# If Video Games Were Real



## Bob Hubbard (May 15, 2011)

[yt]9bKoahtmcHY[/yt]


----------



## Sukerkin (May 15, 2011)

Tres amusant ... oh and I reckon the young lady's 'implants' were most natural looking .


----------



## MA-Caver (May 15, 2011)

I'd like to see a real life... Defender, Space Invaders, Pitfall, and Diablo... heh heh.


----------



## bushidomartialarts (May 15, 2011)

Hilarious.

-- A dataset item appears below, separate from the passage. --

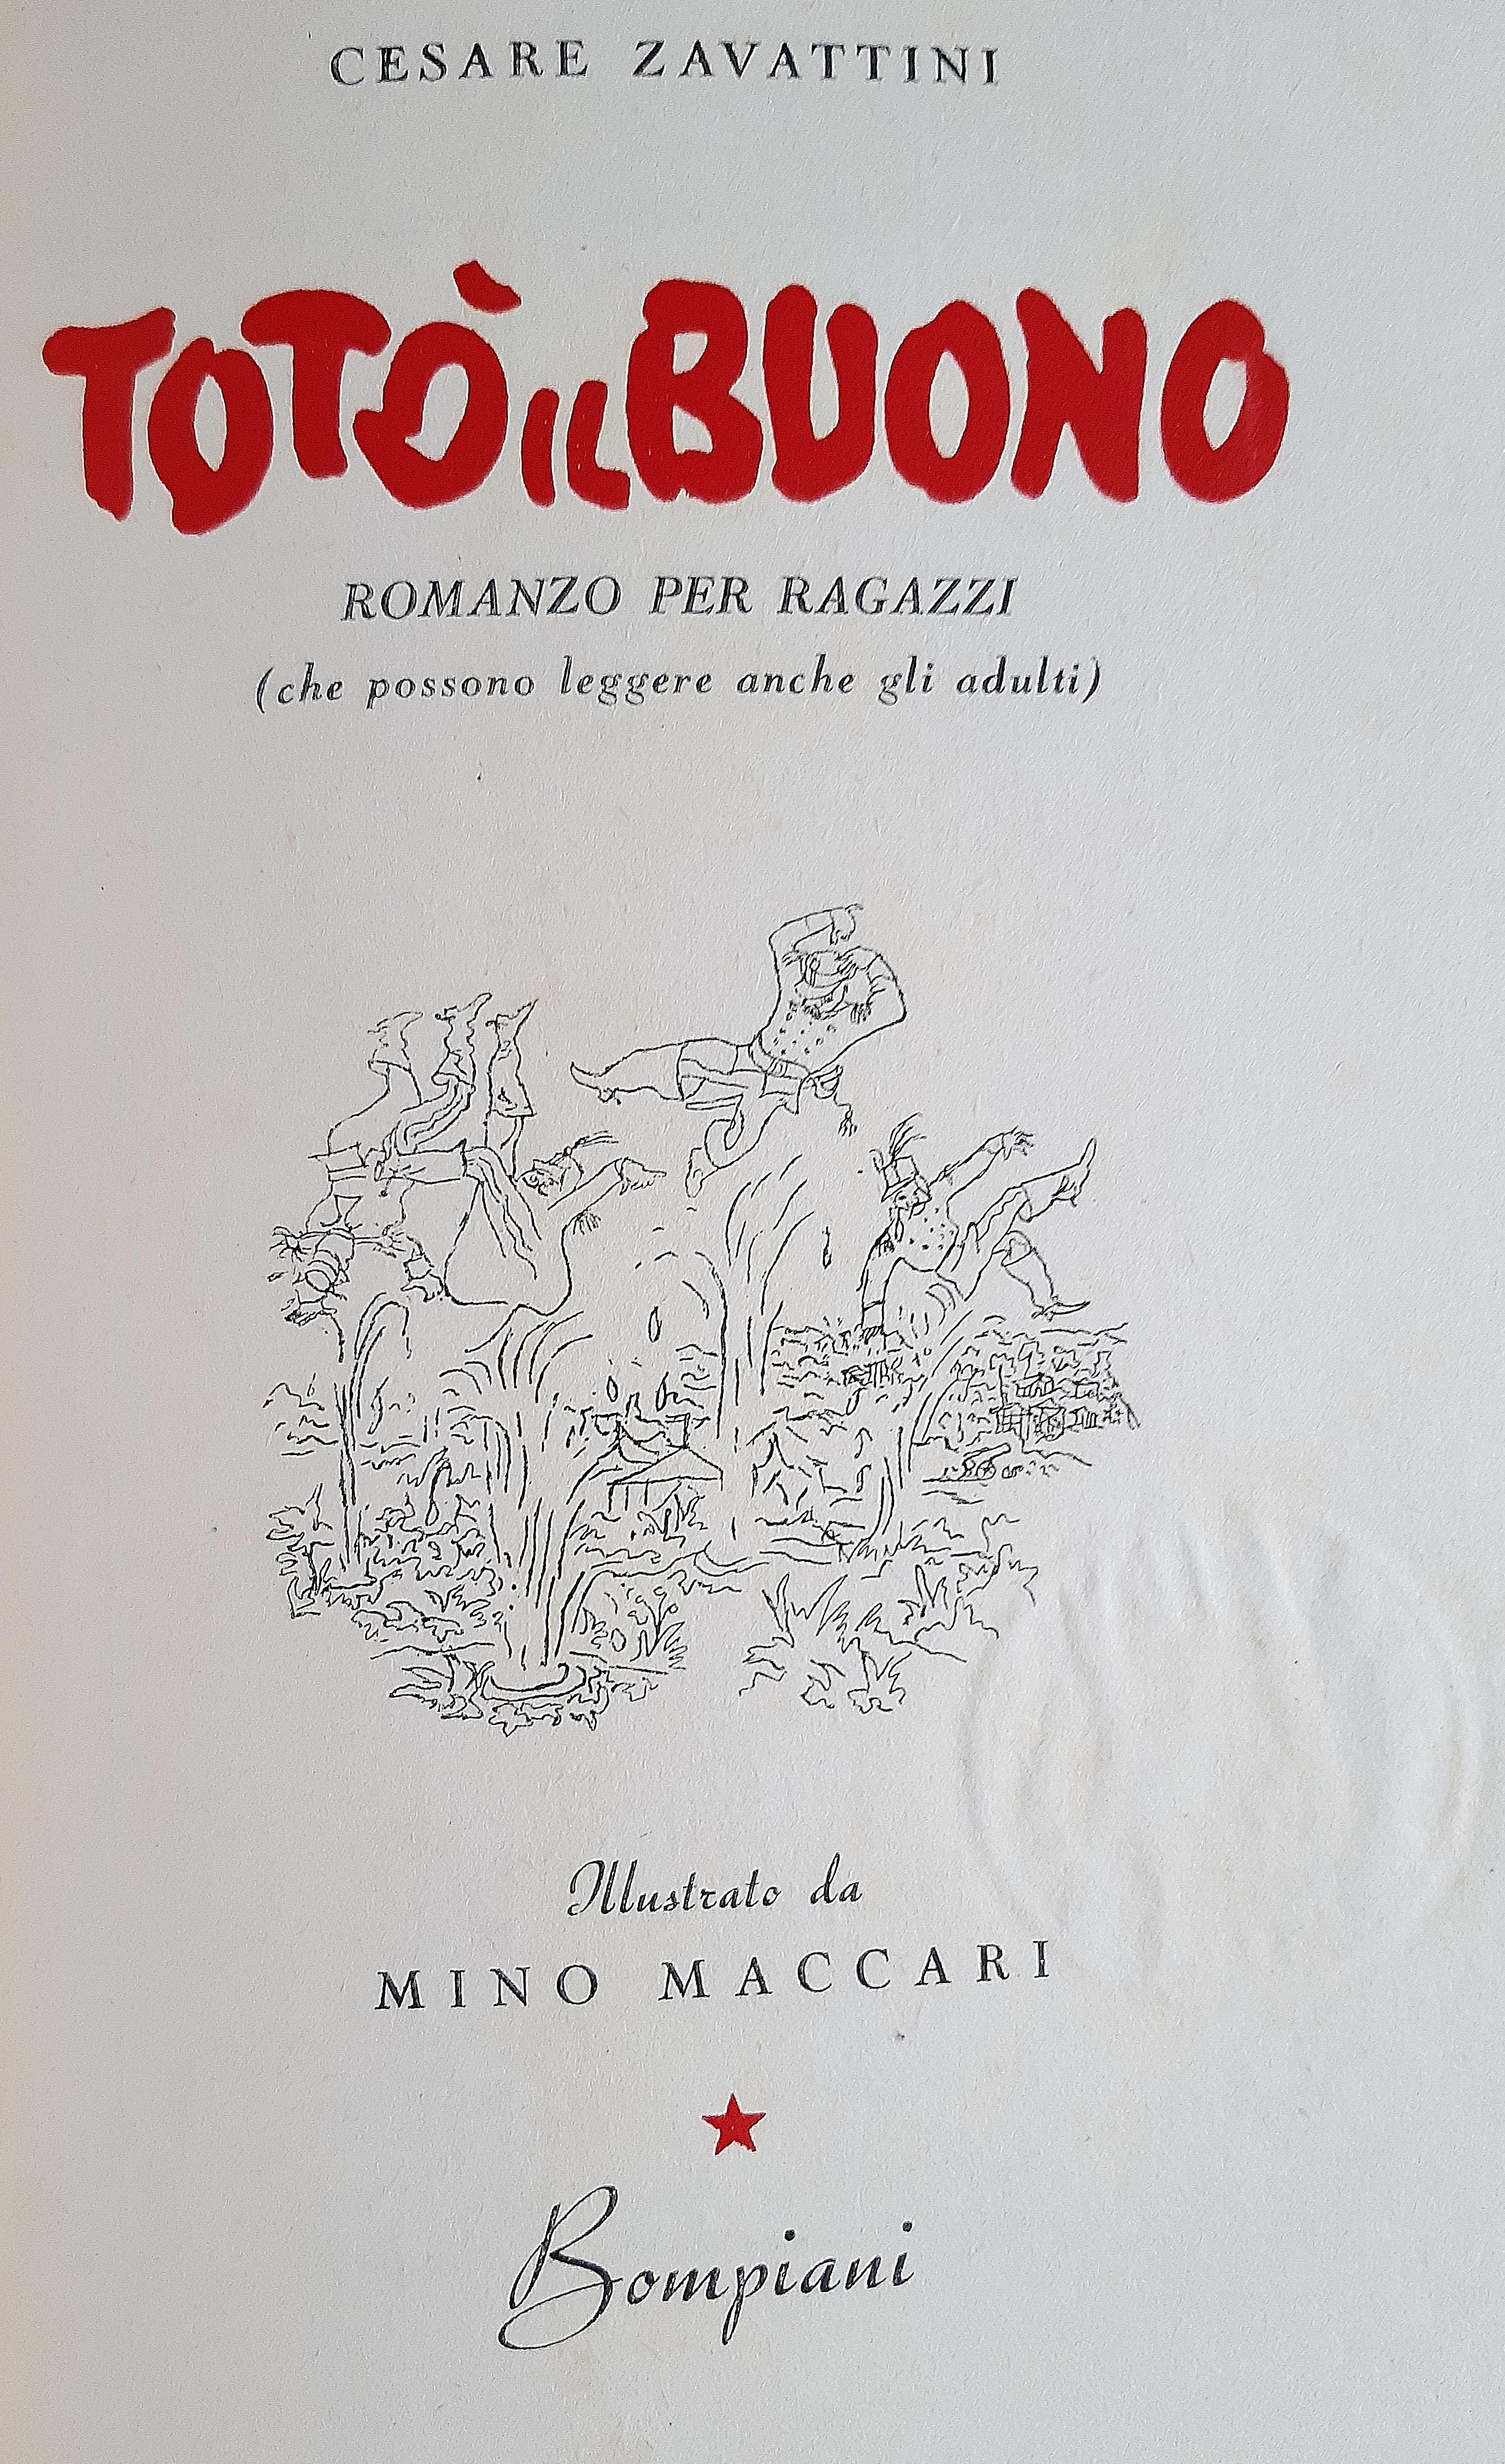 Totò il buono - Rare Book Illustrated by Mino Maccari - 1943 For Sale 4
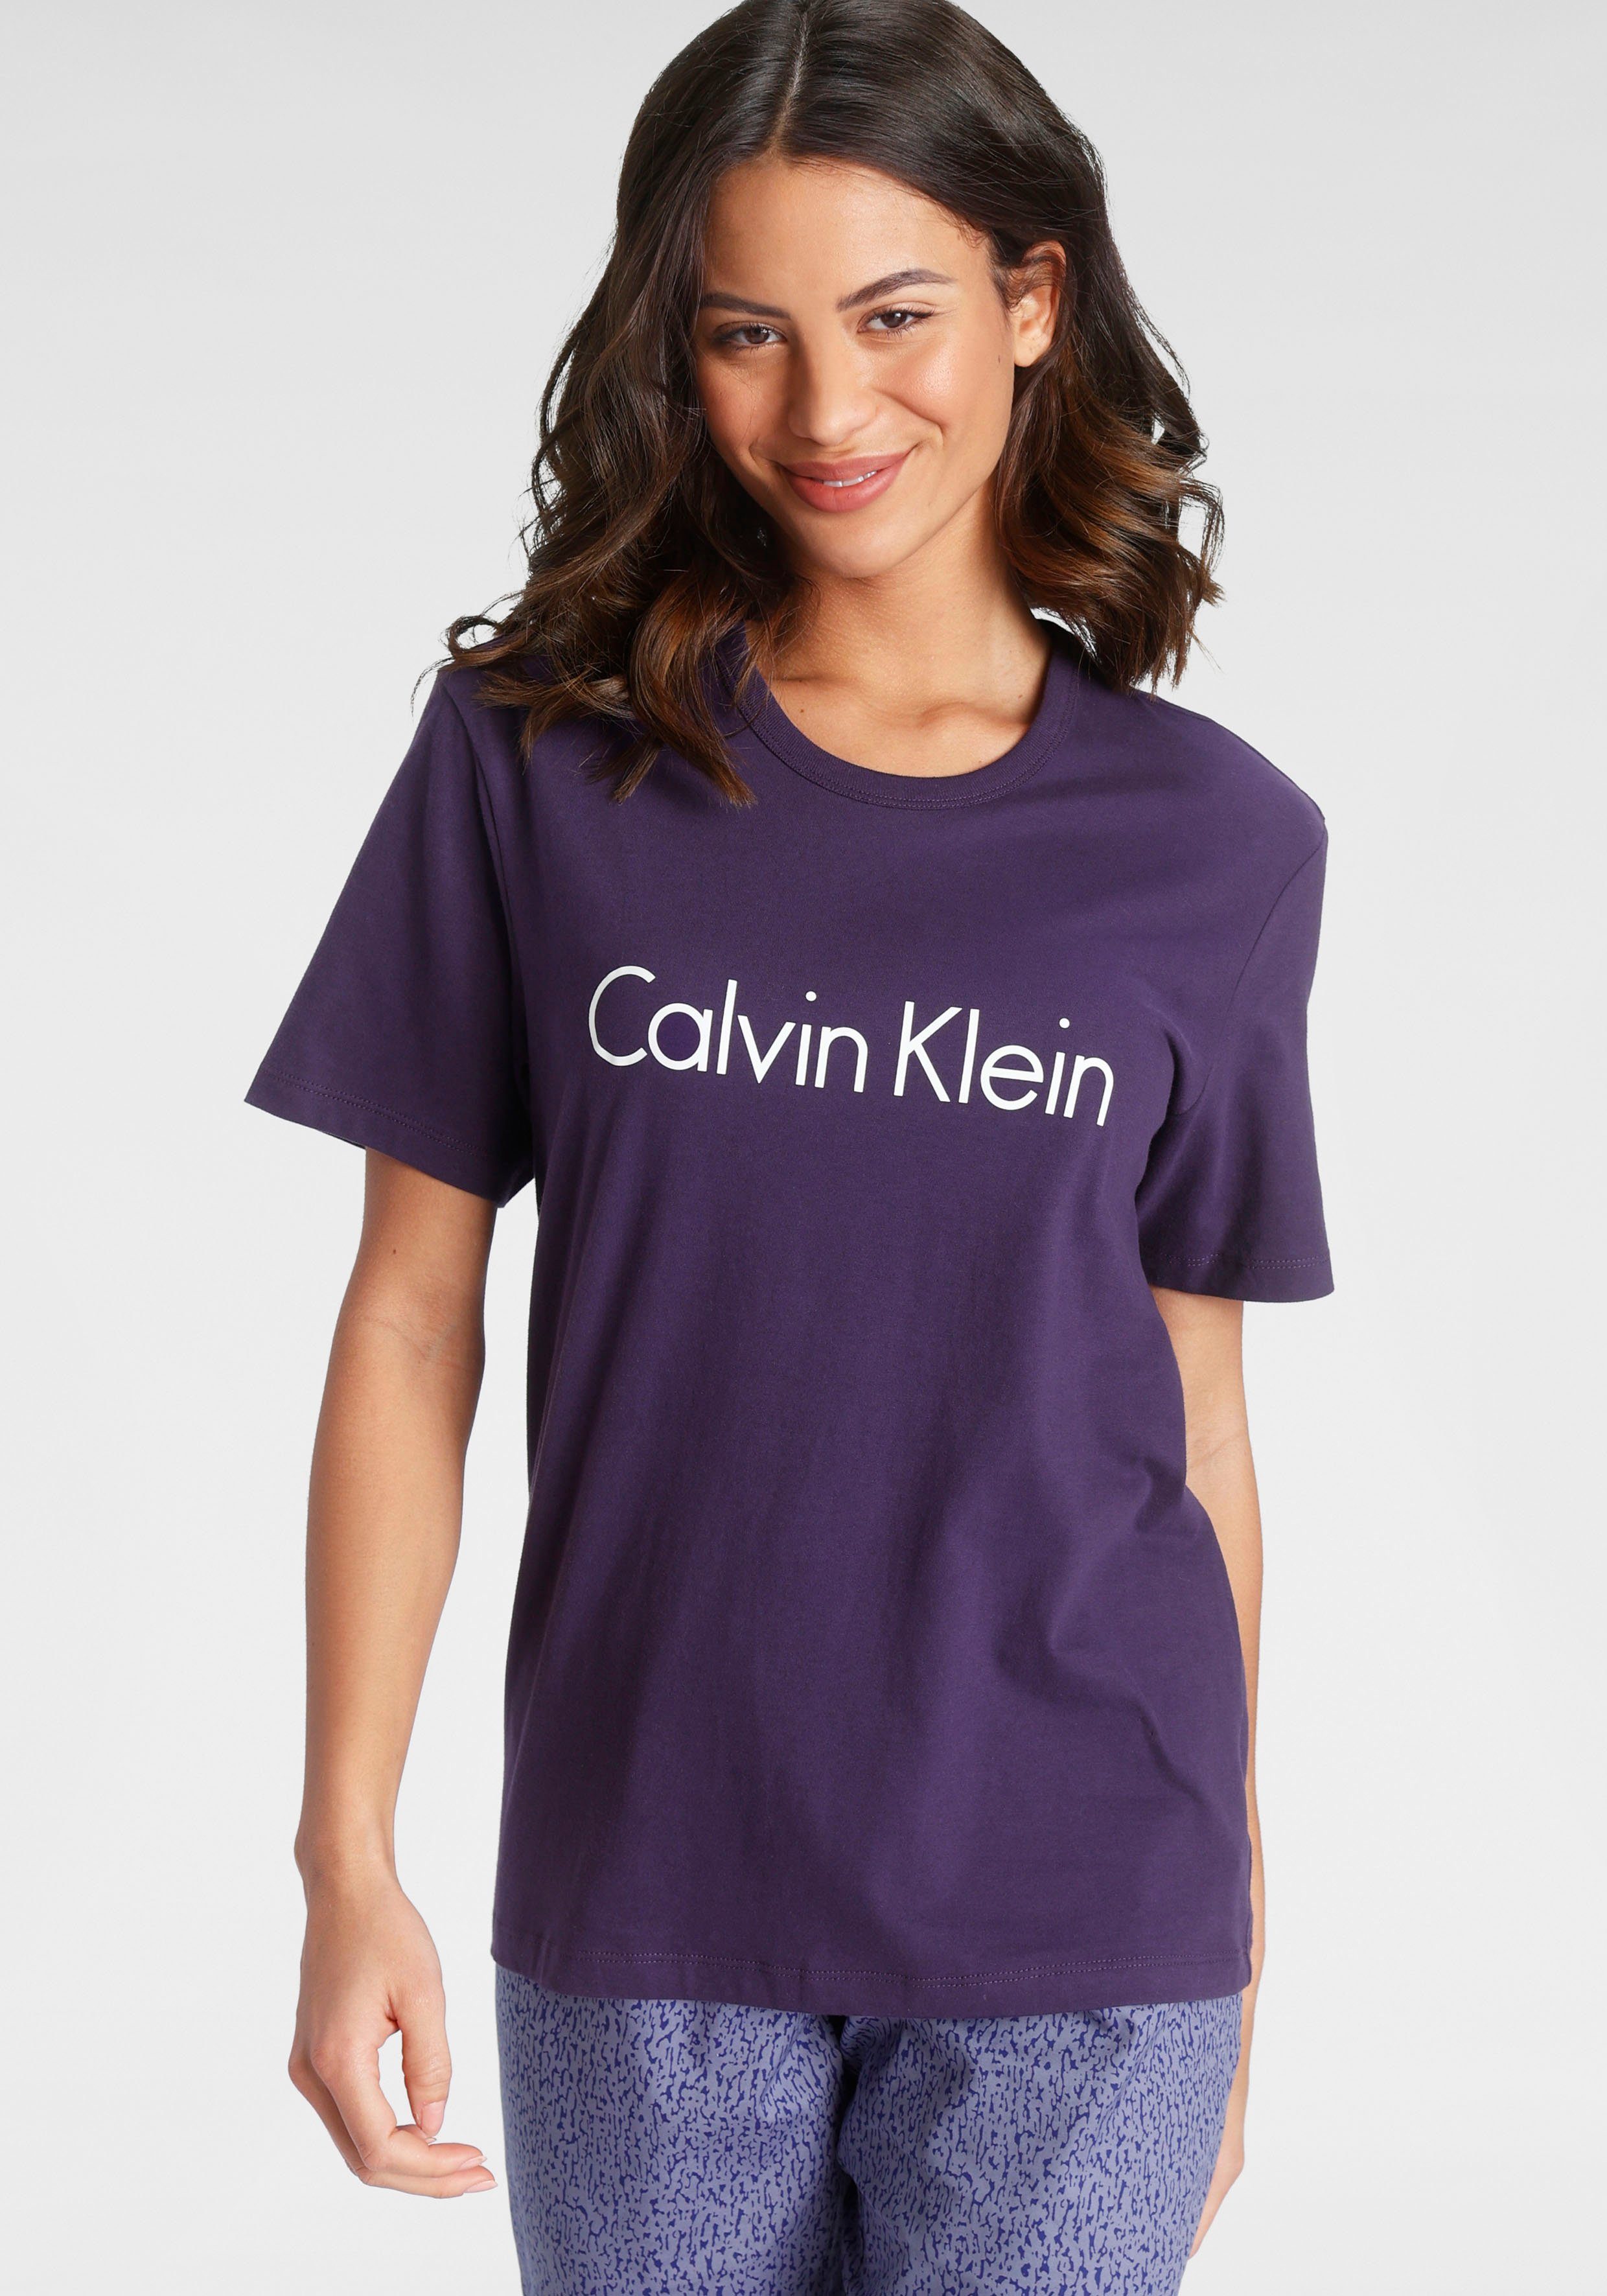 Calvin Klein Damenmode & Frauen-Mode online kaufen | OTTO

Thank you.


----------



## Chris Parker (May 16, 2011)

Very cute.....

And, on a related note:

[yt]fWL6j0SvqV0[/yt]

Best comments are: "The book was better", and (my personal favourite), "omg&#65279; it would be so awesome if they made this into a game!"

Yes, some people have too much time on their hands.....


----------



## Xue Sheng (May 16, 2011)

If video games were real there would be a whole lot of dead and injured video game players


----------



## Chris Parker (May 16, 2011)

And, I just wish to add:



> "Computer games don't affect kids; I mean if Pac-Man affected us as kids, we'd all be running around in darkened rooms, munching magic pills and listening to repetitive electronic music."
> - Kristin Wilson, Nintendo, Inc., 1989.


----------



## Balrog (May 16, 2011)

I don't care who you are, that's funny right there.  And the Tomb Raider girl is hawt!


----------